Hey, compare the specs on your original tires vs the new ones, maybe they new ones have a larger diameter. It really can affect your speed/miles reading.


----------



## Flyingman (Sep 13, 2009)

TXPearl said:


> So some sort of average of the indicated speed of all 4 wheels?
> 
> That would help explain Flyingman's observation.


This is just too high tech for me! But explains why I'm seeing a slight closing of the gap between indicated and actual.

So why would speedometer and odometer read different? i.e. if I go down the highway at 60mph and the odometer says I actually did 63 miles in an hour.

My OBC is notorious for saying my mpg is around 27-28mpg but when I calculate my actual fuel consumed vs miles driven (odometer), I always get the fuelly value below, which is some 1-1.5mpg better.:dunno:

Regardless, after over two years and some 34k miles, my smiles/miles are still up there!:thumbup:


----------



## Penguin (Aug 31, 2003)

Flyingman said:


> if I go down the highway at 60mph and the odometer says I actually did 63 miles in an hour.

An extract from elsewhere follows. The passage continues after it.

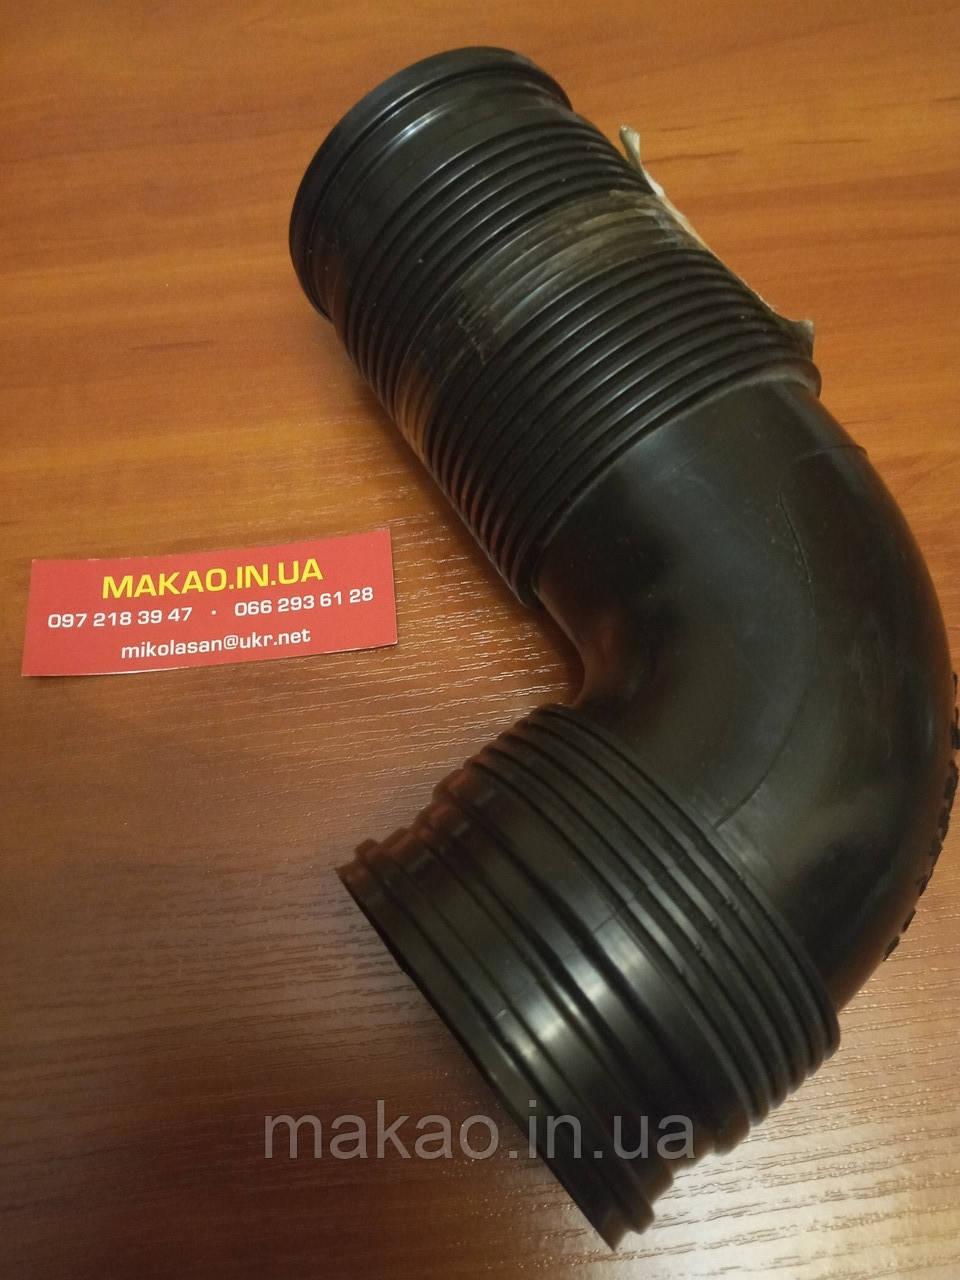 Патрубок (ориг) від расходовимірювача повітря до повітряного фільтра VW Sharan

The easiest comparison which is accurate is to borrow someone's portable GPS unit and use it's speed measurement. GPS speeds are typically extremely accurate.


----------



## ProRail (May 31, 2006)

Flyingman said:


> This is just too high tech for me! But explains why I'm seeing a slight closing of the gap between indicated and actual.
> 
> *So why would speedometer and odometer read different?* i.e. if I go down the highway at 60mph and the odometer says I actually did 63 miles in an hour.
> 
> ...


Different systems.


----------



## Penguin (Aug 31, 2003)

Flyingman said:


> My OBC is notorious for saying my mpg is around 27-28mpg but when I calculate my actual fuel consumed vs miles driven (odometer), I always get the fuelly value below, which is some 1-1.5mpg better.:dunno:


Most MPG computers are not that accurate. While the fuel measurement is quite precise over small intervals for the purpose of controlling combustion, when the data is integrated over time to provide the volume of fuel used over a long period, a fair amount of error can creep in.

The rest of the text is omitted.